Lab 2 - image interpretation, and digitizing features

In the first lab we worked with pre-existing vector data. The layers we used showed the land uses within the San Dieguito River watershed in either 1990 or 2016, but we used them without really thinking about where they came from. Today we will start to learn about how layers like that would be created.

The basic process is simple in principle, but complex and difficult in practice. Conceptually, the process is simply to identify patches of land with a single cover type, and then draw a polygon around it. Child's play, right?

There are actually several different ways you could create a vector cover type map:

You could use GPS to record your position as you walked around the perimeter of each cover type patch in the field.
You could use a statistical method of classifying cover type from images (air photos, satellite images), and then convert the image-based pixels to polygons.
You could use air photos or satellite images on a computer screen, identify land cover types on them, and then draw around them on the computer.

We won't use the GPS method in this class - obviously, that would be a very time consuming and laborious way of mapping something the size of the San Dieguito River watershed, and is only really practical for smaller areas. Generally, if this sort of approach is used it's to fix mistakes made with one of the other two methods. We will learn how to do the second method in a couple of weeks - it is the fastest way to cover type a large area, but is prone to mistakes and requires extensive error checking and correction after the fact.

Today we will focus on the third approach, in which we will interpret the cover types from aerial images, and then draw (or digitize) the boundaries around them by hand. This approach is less prone to errors than the statistical classification method, but it involves a greater amount of subjective judgment - you will need to decide what the cover type you're looking at is, and where its boundaries lie. Digitizing by hand can be a very accurate and repeatable method if it's done by experienced people. We will just do enough today to learn the basics, but it can take a lot of training and practice to become proficient.

Some issues in digitizing features

Bear in mind that when we make a map we are producing an abstract representation of reality. There will be ways in which the representation will be wrong, no matter how we do the mapping. The trick is to do the mapping in a way that captures the features of the landscape that matter to the map's users, with as little distortion as possible.

Let's start by looking at a high-resolution image of the Crest Canyon reserve, near the mouth of the San Dieguito River watershed.

You can see from this image that this is a complex area, with a mix of cover types we could map. There are a couple of housing developments on either side of the canyon, and the canyon itself runs from bottom to top in the middle of the image.

The way that we would create a cover type map from this image would be to draw polygons that enclose contiguous patches of the same cover type. To draw a polygon you need to draw the edges, but where exactly are they?
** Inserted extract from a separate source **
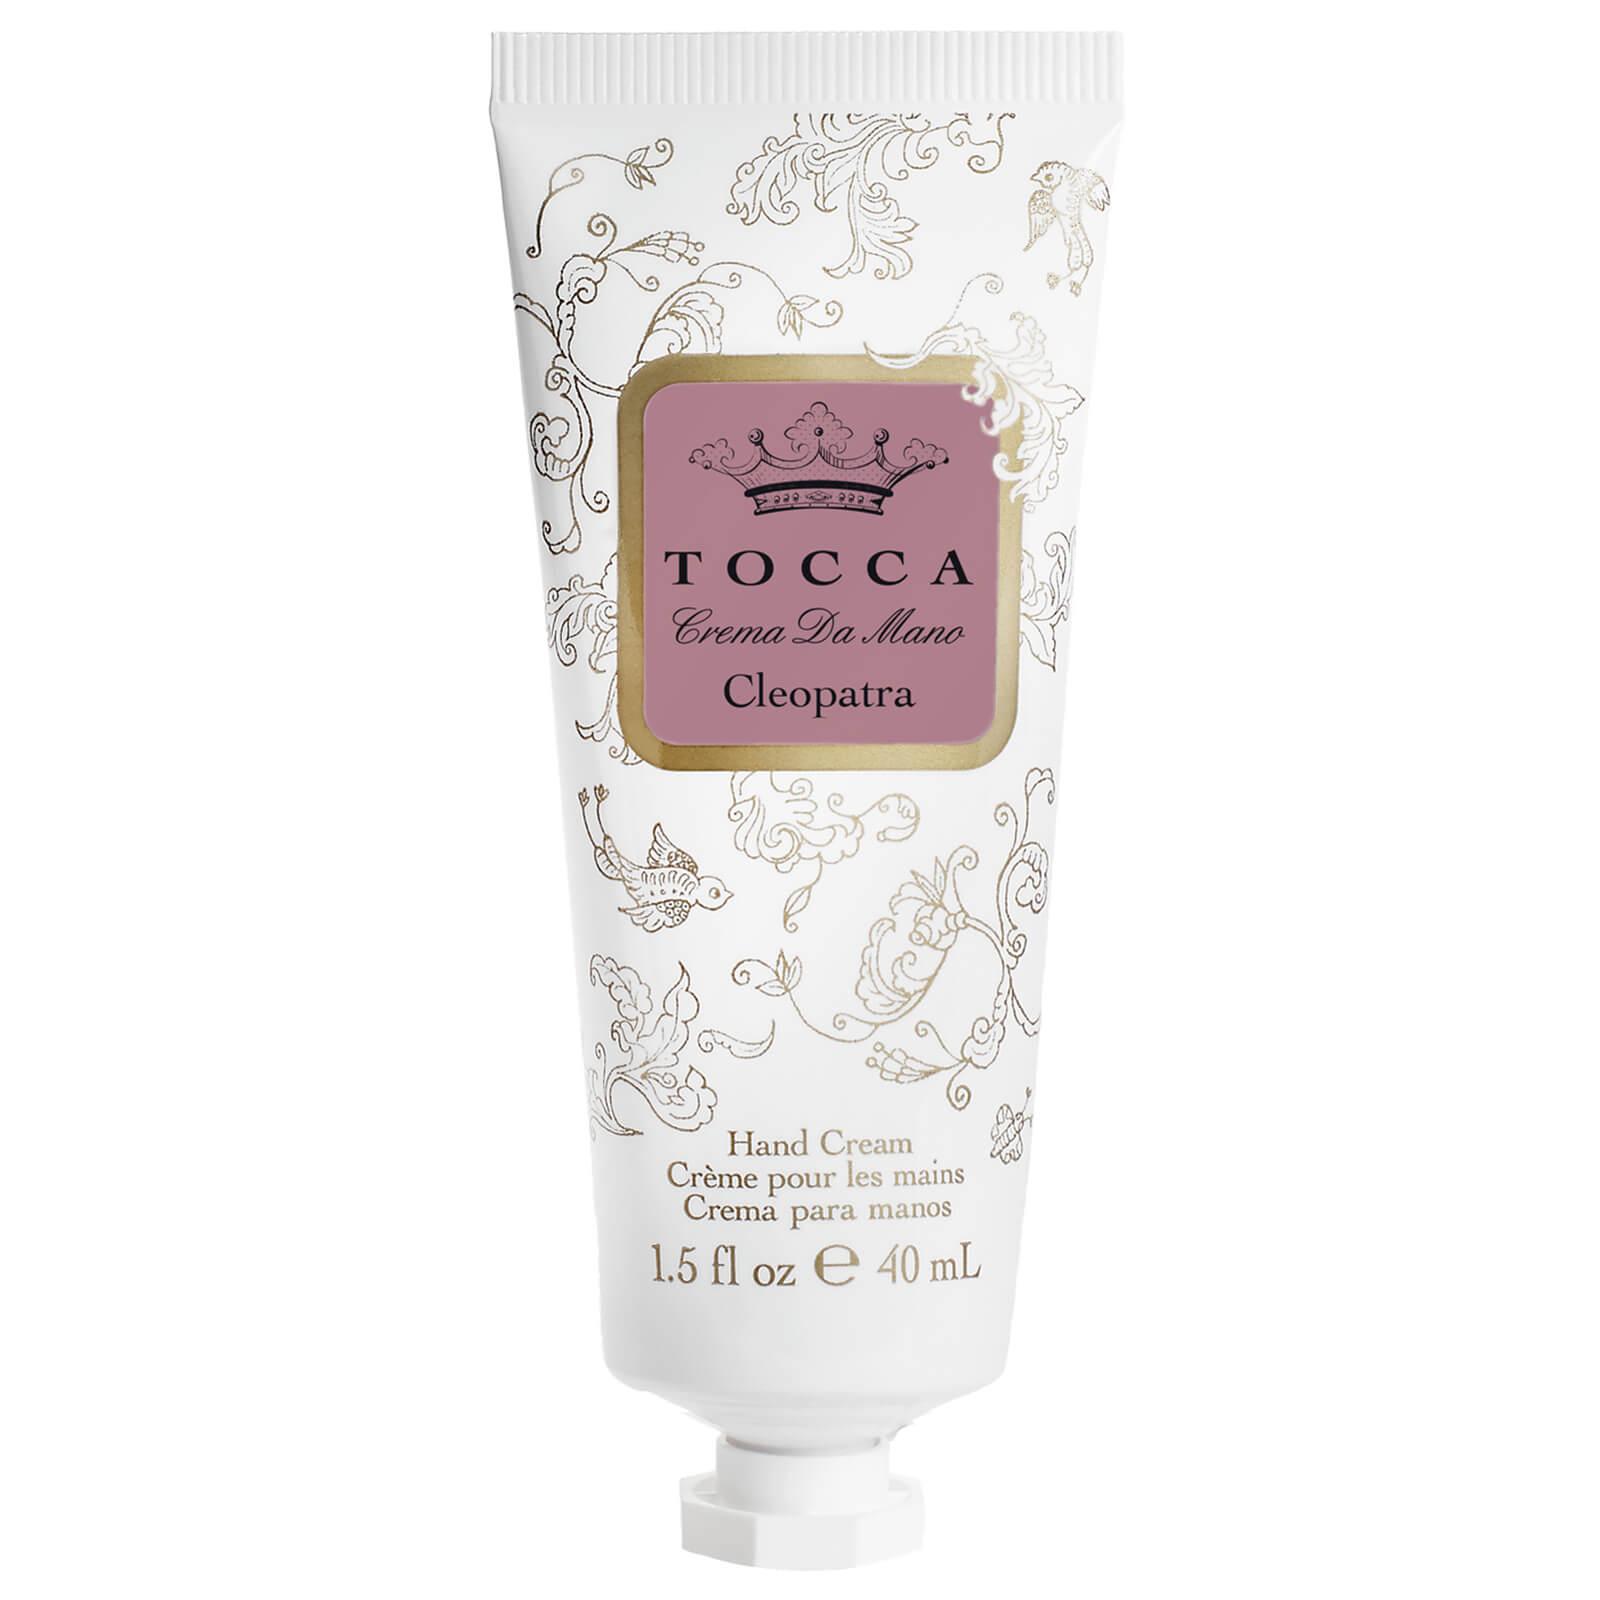 Tocca Cleopatra Hand Cream 40ml

For the edges between housing development and undeveloped land we should be able to follow the property lines - there are fences there that are pretty obvious in the image. But what about within the canyon? Most of the canyon is vegetated, but you'll see that there is a green dot in the image next to a bare area - should we consider that a distinct feature, and draw a polygon around it? Or should we just decide the bare area is too small to consider a separate feature, and just draw a polygon around the entire undeveloped canyon? Alternatively, if we choose to map it, where exactly does bare patch end and vegetation begin?
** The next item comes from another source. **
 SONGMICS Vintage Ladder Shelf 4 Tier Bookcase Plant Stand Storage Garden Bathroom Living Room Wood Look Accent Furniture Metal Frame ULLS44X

This raises a couple of distinct problems:

We need a classification system - that is, we need to decide what our cover types will be. Is all developed land the same thing? Or do we make a distinction between commercial development and housing areas? Between older housing developments with mature trees, and new developments with less mature landscaping? As for undeveloped land, do we make a distinction between woodland (sparse trees with shrubs or grasses between), shrubland, and bare ground, or is all of it just one "undeveloped land" category?
We need to select a minimum mapping unit - that is, we need to decide how big a feature needs to be for us to map it. The smallest feature we will map is our MMU.

The classification system issue is something that is usually driven by the expected uses of the map. If all we were interested in doing with our map is to monitor development of land over time within the San Dieguito River watershed between 1990 and 2016, we would only need two categories: developed and undeveloped. We would then digitize these two types of land cover for each of these two years, and compare them - any land that was undeveloped in the 1990 map but was developed in the 2016 map must have been developed during that time period. Using so few categories may be too coarse, though - it might be good to know what kind of vegetation had been present, and what kind of development was going on in the region. We would then need to have different categories of undeveloped land (such as different vegetation types), as well as different categories of development (commercial, agricultural, residential).

Once we know what the categories will be, we need to operationally define them. For example,consider this picture showing live oaks growing among fields of grass. This type of vegetation is called a woodland, which is defined as trees growing at a low density, with grasses growing in the spaces between them. We might consider everything in this picture to be one patch of oak woodland, but there are areas with high enough densities of trees that the tree crowns touch, and other areas where single trees are growing alone. We would need to define oak woodland relative to the lowest density allowed (below which we get grassland with an occasional tree thrown in) and the highest density allowed (above which we get forest). Depending on how we define a woodland, this entire area may be part of one woodland polygon, or there may be a mix of grassland, woodland, and forest polygons instead.

Regardless of the choice, each category we use would need to be defined in an objective, repeatable way so that anyone mapping the area could map it the same way that we would have. In general, if different mappers interpret categories differently, and come up with different maps for the same area, that's a bad thing.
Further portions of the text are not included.